Monday, 6 October 2008

Between tar, tar.gz, tar.bz2

For a long time I have been wondering what should be the ideal compression when you copy a bunch of files over a local network. Today I copied a full ubuntu installation of 2 G over the network, piping the tar command into ssh.
Something like:

cd /
tar --one-file-system -cf - . | ssh user@backup " cd /restore && tar xf -"

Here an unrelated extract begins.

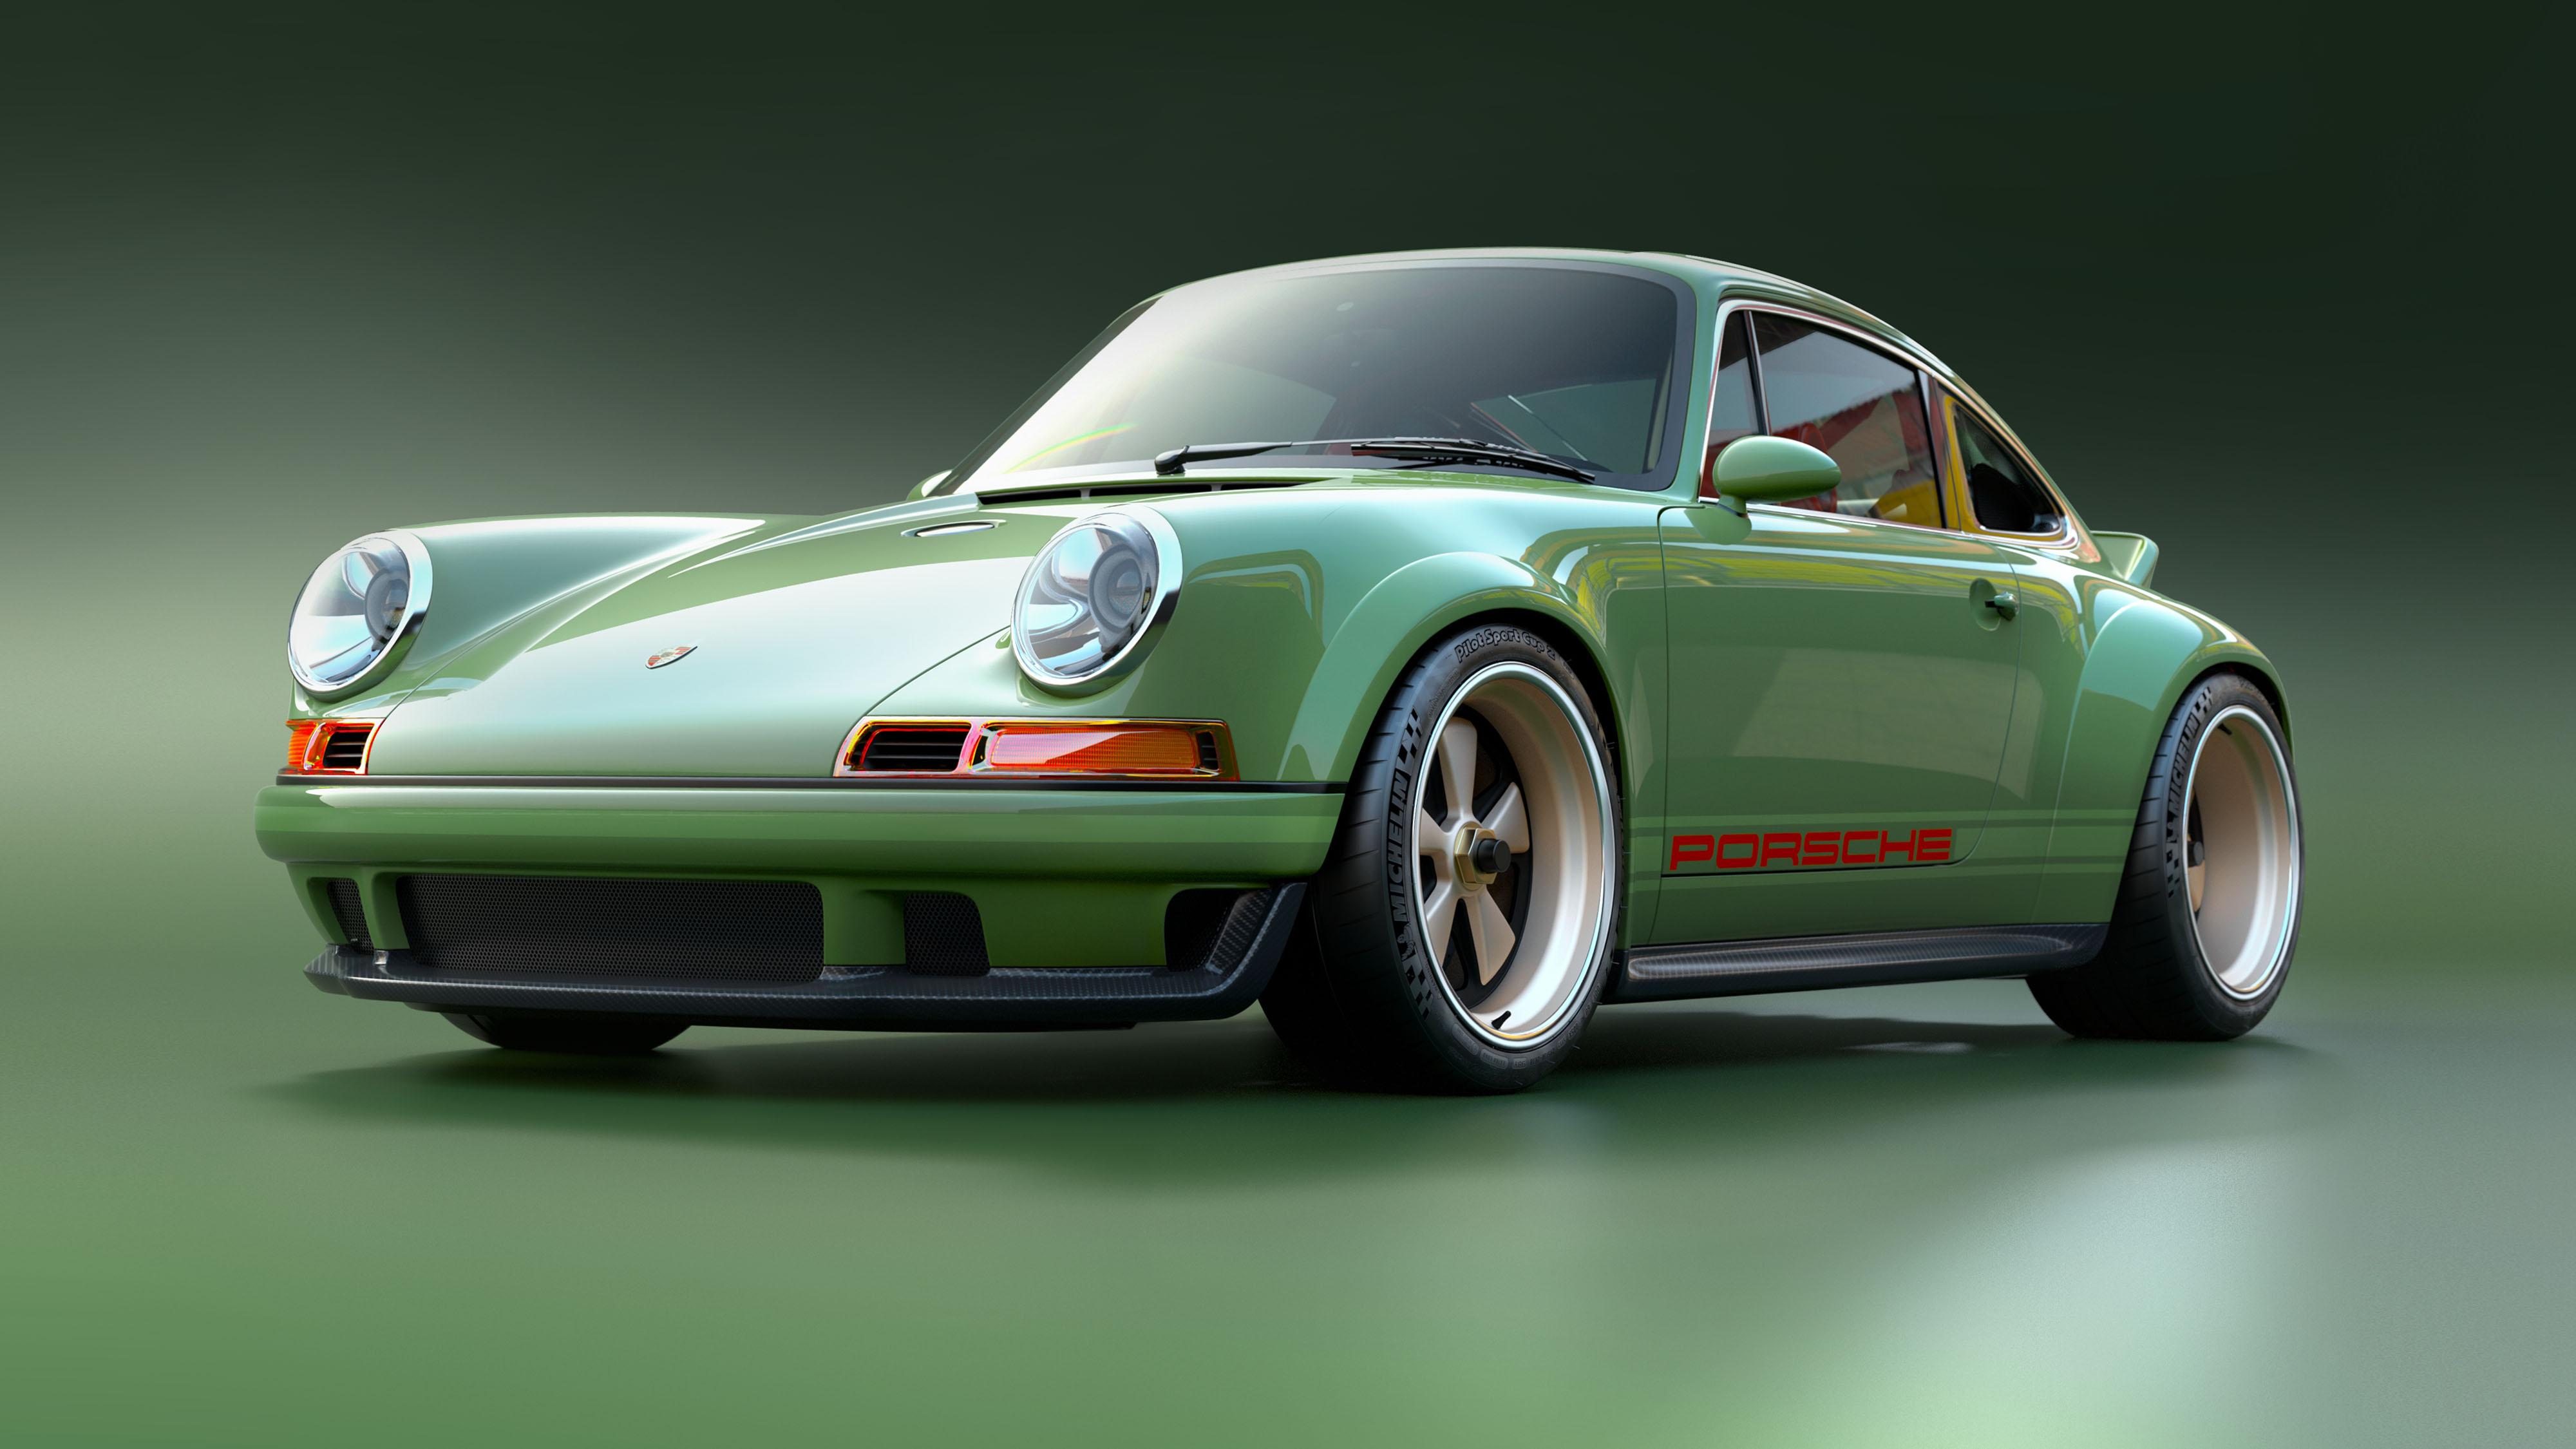 Porsche 911 restored by Singer & Williams front

I measured the time taken with the time command.

And the results:

tar cjvf 19m53
tar czvf 9m20
tar cvf 11m02

So it looks it is the gzip compression which saves the more time.

Sunday, 21 September 2008

Embedded opensource does not need to be unix-like

Today while looking for some embedded Linux Hardware for libera, I stumbled upon Rockbox, which is an alternative GPL firmware for a variety of MP3 players like Ipod, and Iriver. I found this project quite interesting because:
  1. they support quite a number of device including mine ( iriver H340, one of the few MP3 players who supported ogg vorbis out of the box )
  2. they took the approach to write a firmware from scratch, and not try to port Linux which would be probably overkill for these kind of devices ( ARM cpu, or Motorola Coldfire )
I am looking forward to having a try, especially they boast a port of Doom !

Sunday, 14 September 2008

Next Ubuntu release will include 802.11n support

I downloaded yesterday the ubuntu kernel source tarball to see which driver, the next ubuntu release will include, and I noticed with pleasure they plan to include linux 2.6.27. Although not officially released yet, 2.6.27 will included ath9k, a driver written by Atheros to support their last 802.11n chipset.
The forthcoming kernel will also include the ath9k driver, wich is a completely opensource driver for older Atheros chipsets, without the binary blob, and it means we will be able to include much more from Atheros in libera.cc

Monday, 25 August 2008

FreeBSD compatibility added to libera.cc

Today we added the last missing pieces for the beta release of libera.cc: the information concerning FreeBSD 7.0 compatibility. It went quite fast, and unfortunately I have to say it is due to the lack of support for many devies , for instance it is not possible to have a DVB-T tuner on FreeBSD, and no webcam with kernel support. I have only experience with FreeBSD on servers and I had no clue about this.
On the other FreeBSD is _much_ more nicely documented, nearly every driver has a man page detailing the chipset that the driver is aimed at, _and_ a list of commercial devices using that very chipset. Which makes finding what works in a much reliable way.
So as usual there is a bit of good everywhere.